# Fiber on carb cycling?



## Premo55 (Apr 20, 2004)

So I'm supposed to be counting fiber on low carb days? That kinda sucks, considering how much fiber I have to eat to get me through the day on low carb days (psyllium husk, wheat bran, veggies). I thought they were free carbs. Can someone clarify?

Peace.


----------



## Twin Peak (Apr 20, 2004)

Free?  Define free.

You ask a complicated and contradictory question here.

Carb cycling as I outline it does not involve counting anything, in its truest form.

I do provide guidelines for Low Carb day.  I generally recommend 1 gram of carb per pound of bodyweight.  That is an approximation, and I always implore people to guestimate that amount -- it is meant to prevent glutony.

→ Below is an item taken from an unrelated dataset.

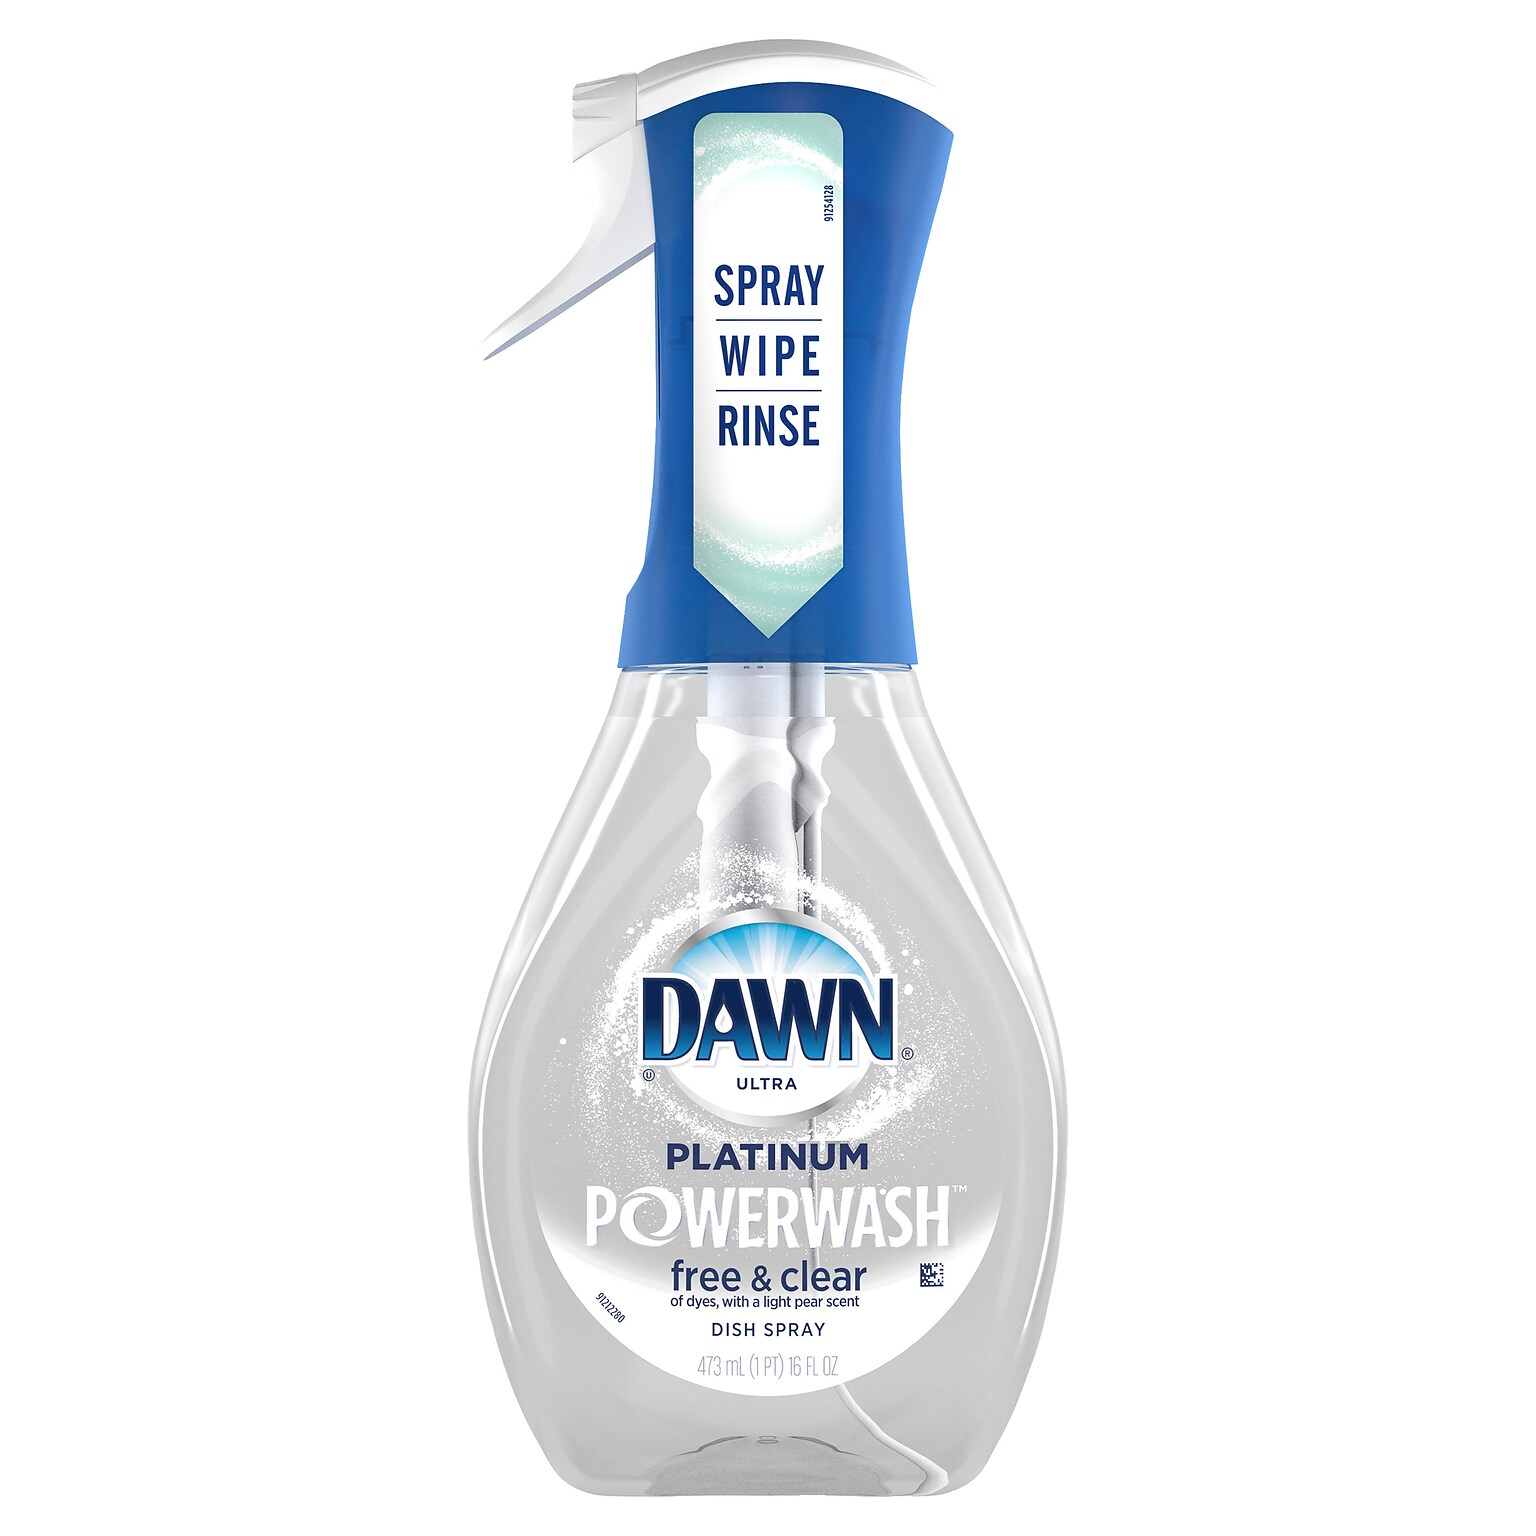 Dawn Ultra Platinum Powerwash Free & Clear Dishwasher Detergent Liquid, Light Pear Scent, 16 oz., (65732)

Now, that approximation includes TOTAL carbs.  In other words, you don't subtract the fiber in oats, fruit, fiber one, etc.

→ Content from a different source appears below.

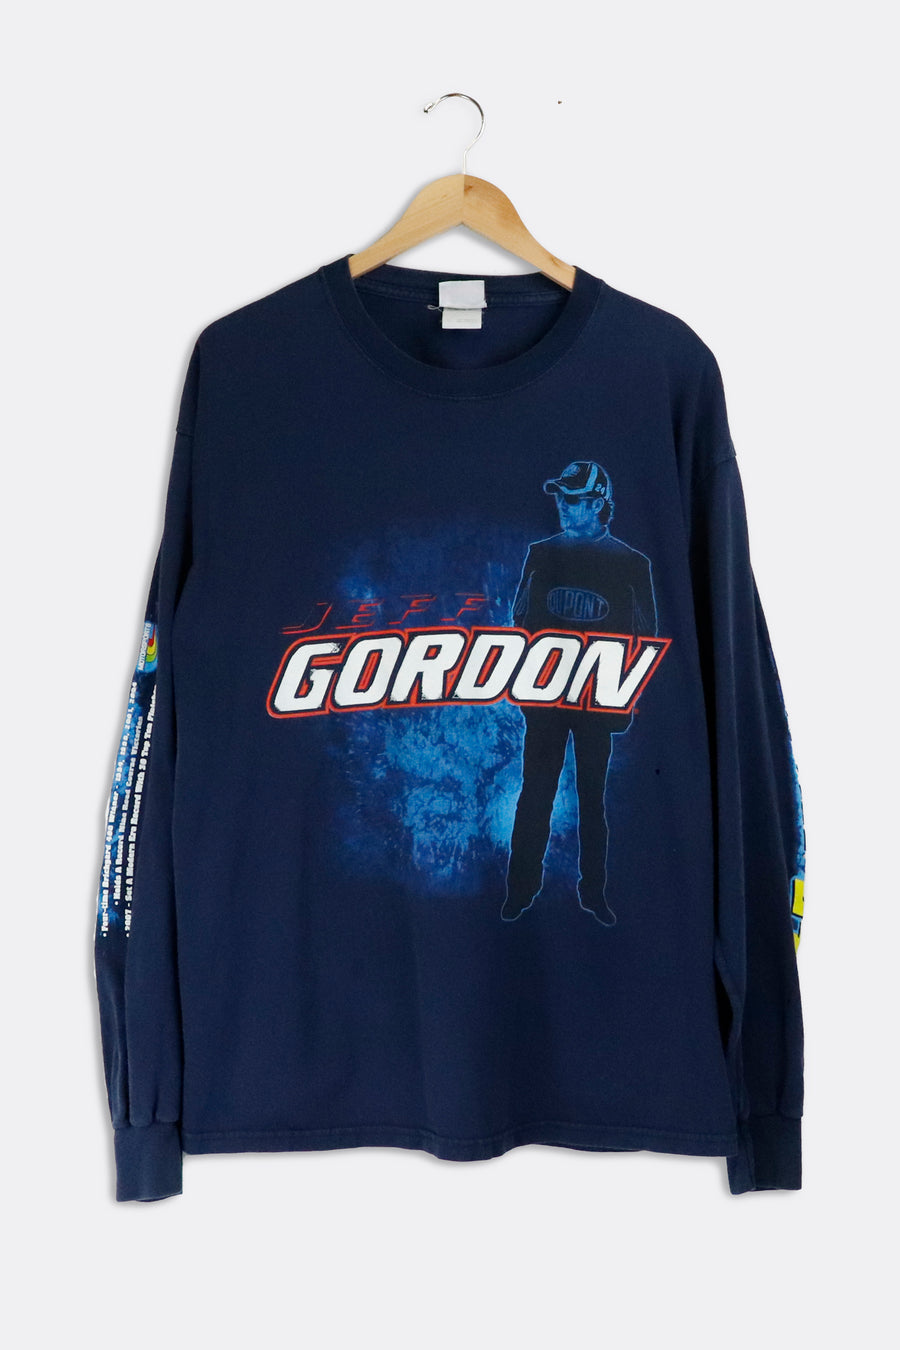 Vintage Nascar Jeff Gordon Long Sleeve Shirt Sz XL

So when you say "I thought they were free" -- I can only assume you are referring to statements such as this _from other diets._  Like any other "rule" you can not pick and choose the rules.  If you could, I'd be ripped eating as follows:

* All the fat I want (from Atkins).
* Tons of kiddie cereal and High GI carbs (from a CKD refeed).
* All the Carbs I want (from my High Carb days)

Get the point?


----------



## Premo55 (Apr 20, 2004)

See, those other cases are vastly different from this one, indulging in a crapload of fiber in the form of broccoli or throwing 10 tablespoons of psyllium husk in your oatmeal is not going to cause fat gain in the same sense as indulging in Cap'n' Crunch. It will cause increase water retention and major gastrointestinal discomfort, but other than that there's not really any basis for comparison. Fiber isn't absorbed or digested by the body, so I was assuming that by 1g per pound of body weight, we were to count starch only. Does this mean I have to count all the fiber in veggies as well now? 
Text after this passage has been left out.